Rabbi Solomon Schonfeld will be one of those recognised at a ceremony at the Department for Communities on Monday.

The awards were established in 2009 to commemorate extraordinary humanitarian efforts. Past recipients have included Sir Nicholas Winton and Prince Philip’s mother, Princess Alice.

Rabbi Schonfeld, the founder of the Hasmonean schools, who died aged 72 in 1984, was one of the leading lights in what became the Union of Orthodox Hebrew Congregations. After the Anschluss — the Nazi takeover of Austria — in 1938, he went on several missions to bring around 300 Jewish children out of Europe to Britain.

“Before the war, he risked his life going to Germany and Austria even though the Foreign Office told him not to go,” his son, Dr Jeremy Schonfeld, recalled.

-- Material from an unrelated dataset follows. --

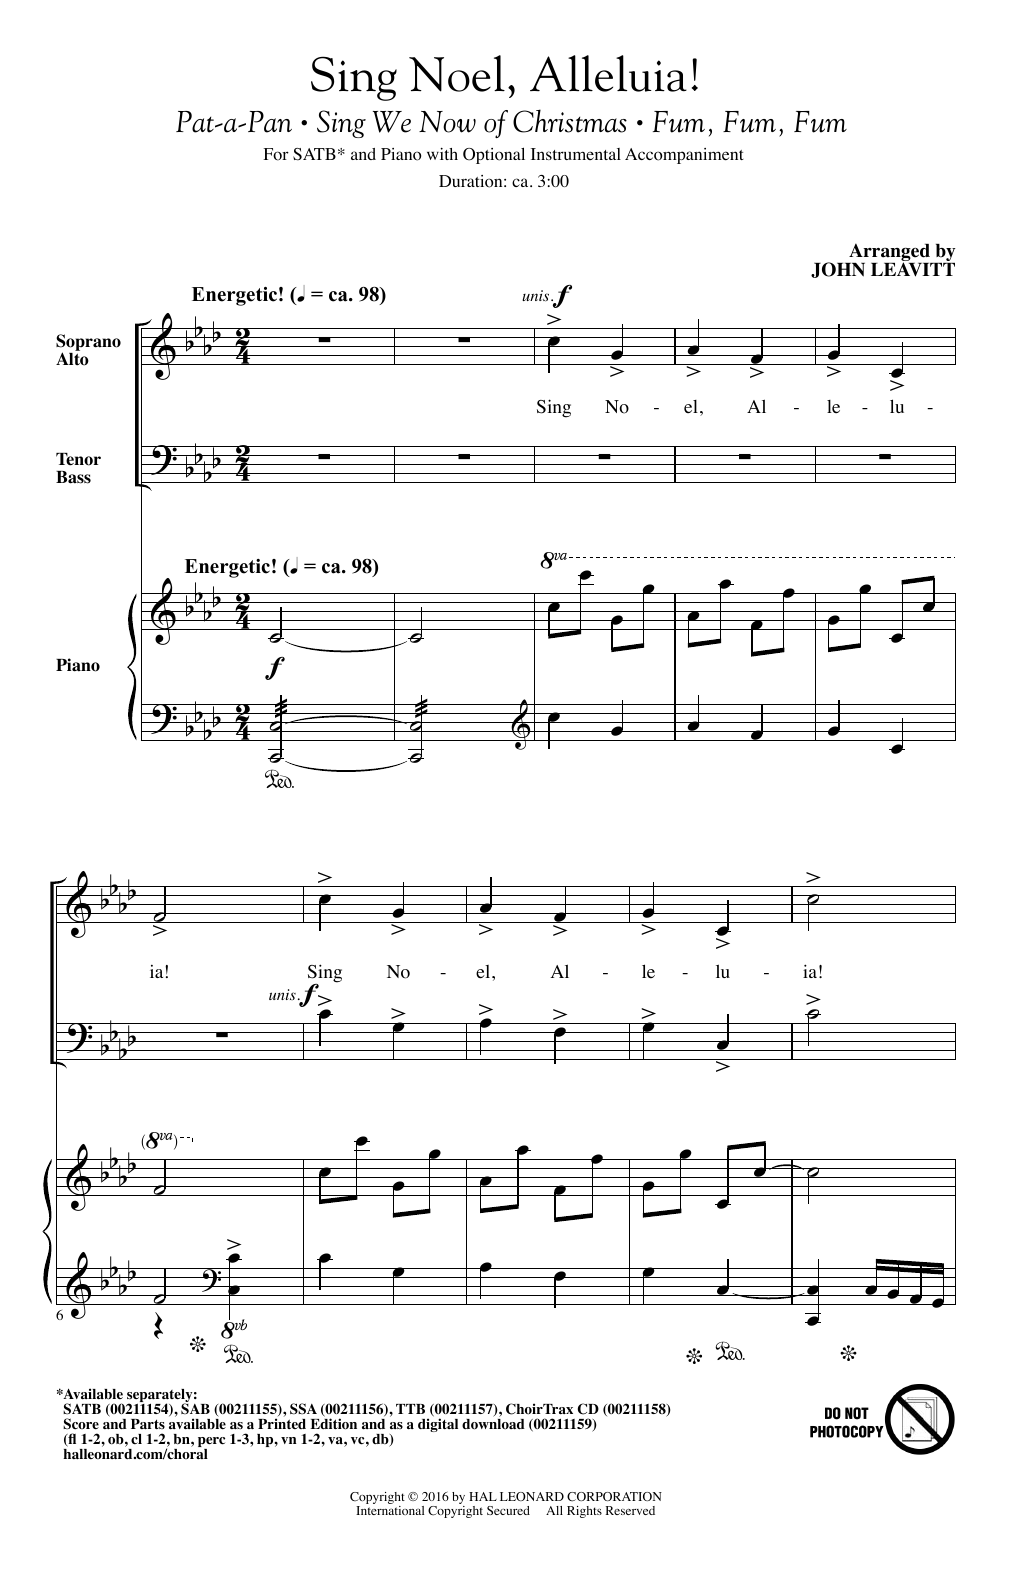 Sing Noel, Alleluia! (SATB Choir)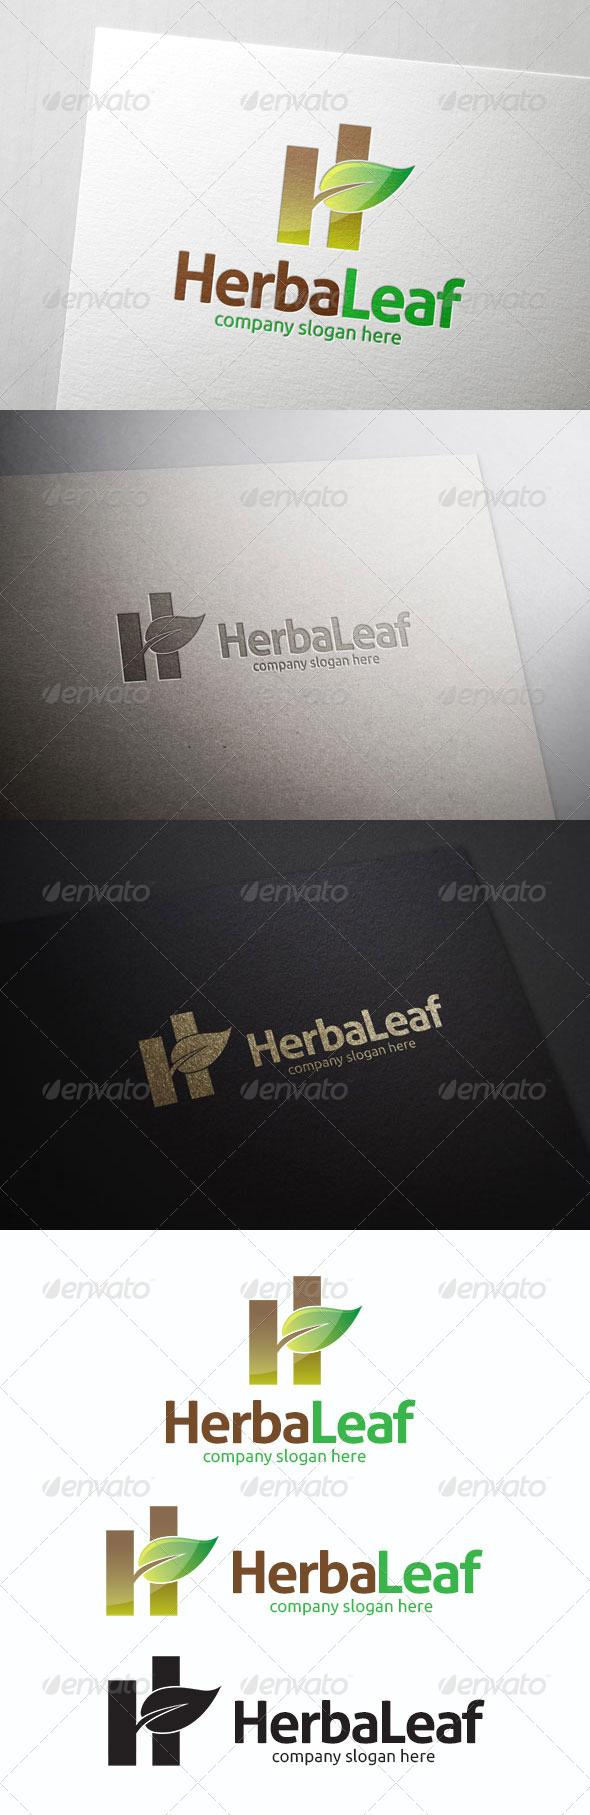 GraphicRiver Herbaleaf Logo 8320037

Rabbi Schonfeld also arranged for more than 1,000 other Jews to find refuge, including yeshivah students and rabbis.

During the war, as head of the Chief Rabbi’s Religious Emergency Council, he secured visas for Hungarian Jews to get to Mauritius. But another plan to help beleaguered European Jews reach safety in British dominion territories foundered.

“It was scotched by the Zionist Federation and Board of Deputies because my father didn’t include Palestine,” Dr Schonfeld said.

Monday’s ceremony will be “the first official recognition of my father’s work,” he added.

“He felt he had done what any decent person would do.”